Location
- Centre Studios 41–43 Englands Lane Belsize Park London, NW3 4YD England 51°32′48″N 0°09′53″W﻿ / ﻿51.5467°N 0.1646°W

Information
- Type: Private school
- Established: 1978
- Department for Education URN: 100084 Tables
- Principal: Candida Cave
- Gender: Mixed
- Age: 13 to 19
- Website: http://www.hampsteadfinearts.com/

= Fine Arts College =

Private further education college in London, England

Fine Arts College is an independent college in Hampstead, London, founded in 1978, with an average intake of 200 students aged 13 – 19.

The College offers over 25 A-level subjects in the Arts, Humanities and Social Sciences and 15 subjects at GCSE. Students entering Year 9 follow an academic curriculum alongside creative subjects, art, music and drama. In 2023, the school achieved 45% A/A* in A-level and 41* 9-7 in GCSE.

Fine Arts runs a one year Portfolio course to prepare students for degree courses at university and art school.

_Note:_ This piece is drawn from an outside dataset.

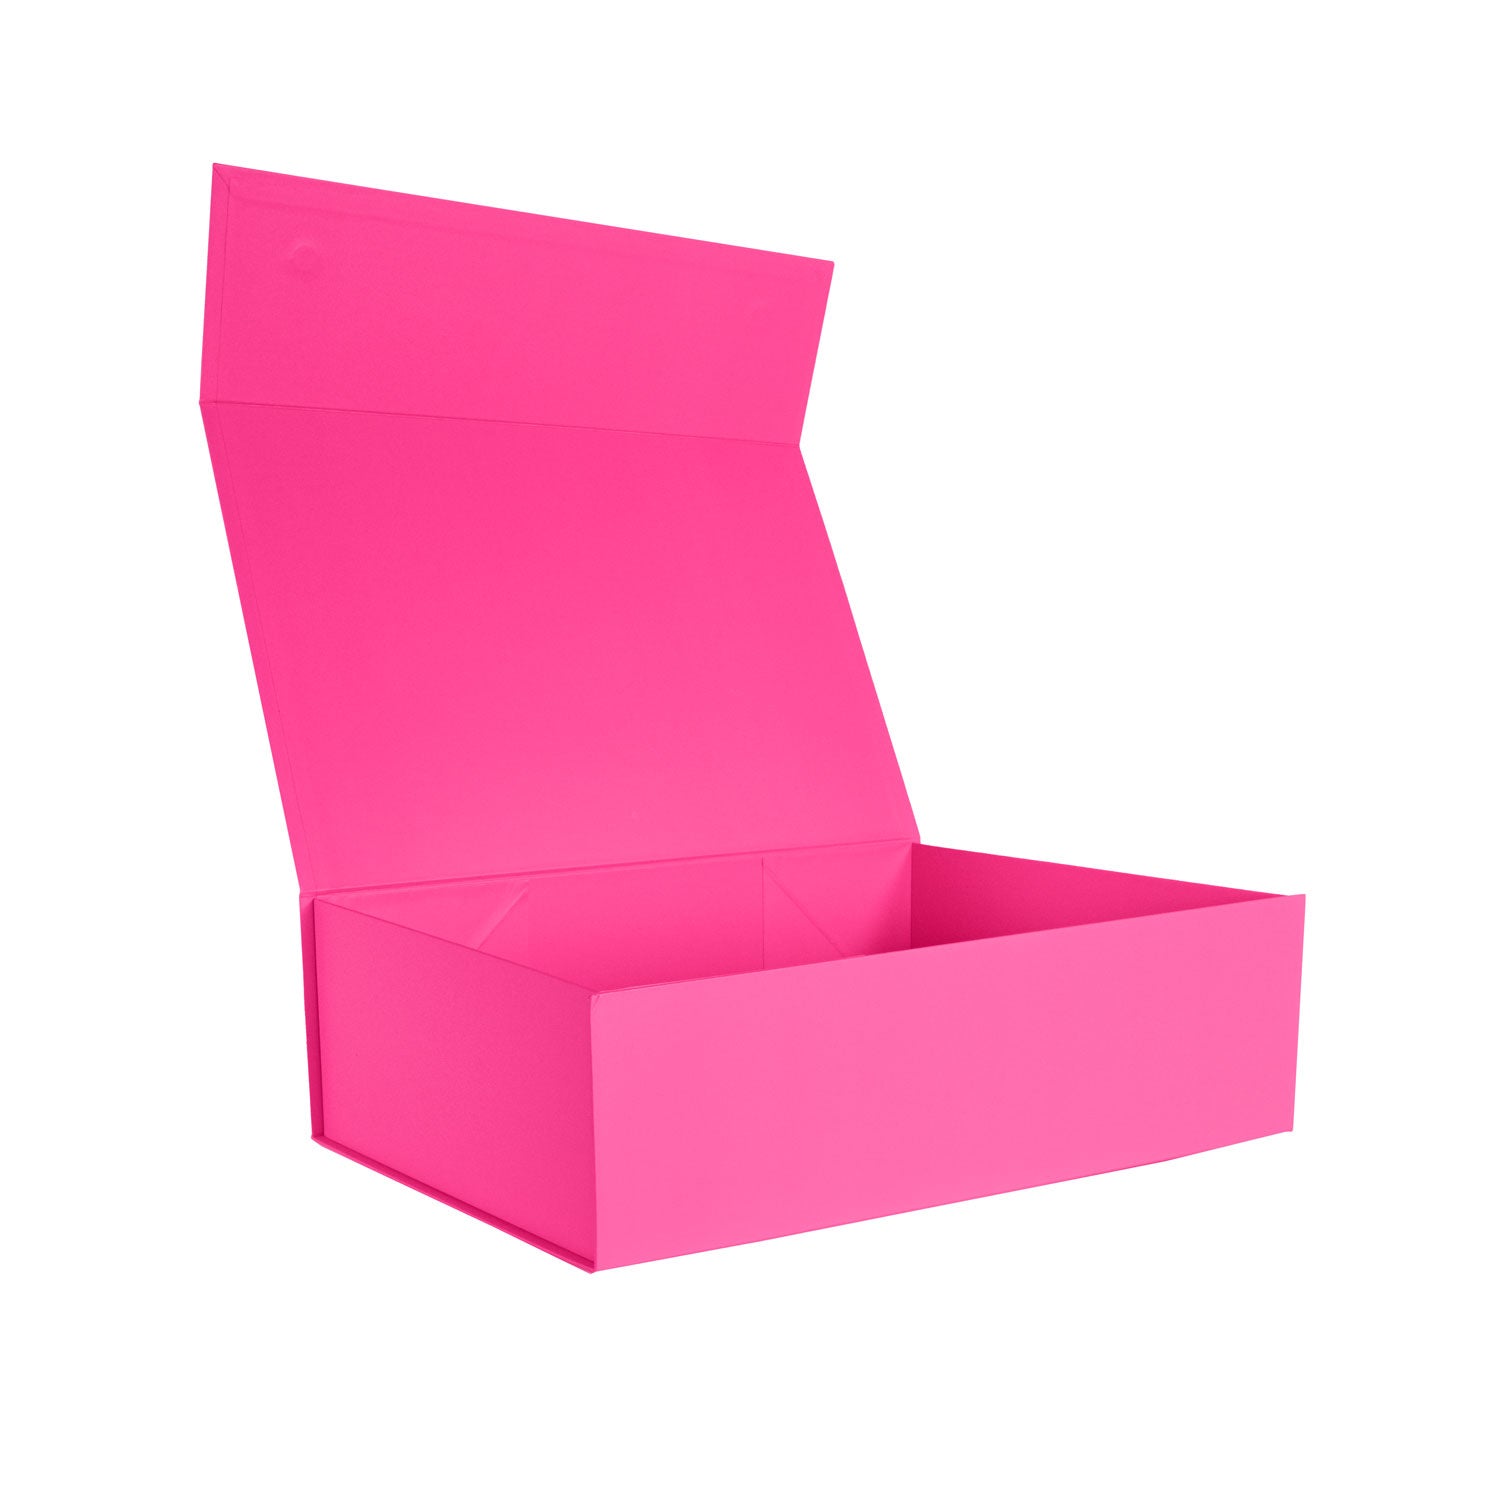 Pink large gift box for your businesses

The Principal is Candida Cave and the Head is Emmy Schwieters.

== History ==
The College was founded in 1978 by artists Nicholas Cochrane and Candida Cave and was originally located in the YMCA on Tottenham Court Road and specialised in the teaching of Art and History of Art. In 1982, the College relocated to Belsize Park and expanded its curriculum to cover the 25 subjects it teaches today. In 1994, the GCSE department opened, followed by Year 9 entry in 2018.

In 2002 the College moved to Centre Studios, a converted Victorian dairy in Englands Lane, which remains its main site today.

In 2015 the College became part of the Dukes Education Group.

== Buildings ==
The College operates across three separate sites within about 200 yards of one another, located between Belsize Park, Chalk Farm and Swiss Cottage tube stations. The main site, Centre Studios, houses the academic departments and the Fine Art, Graphics, Music, Music Technology, Media, Textiles, Film Studies, and Drama studios. The two other sites are the Photography studios and Maths and Science departments in Lambolle Place.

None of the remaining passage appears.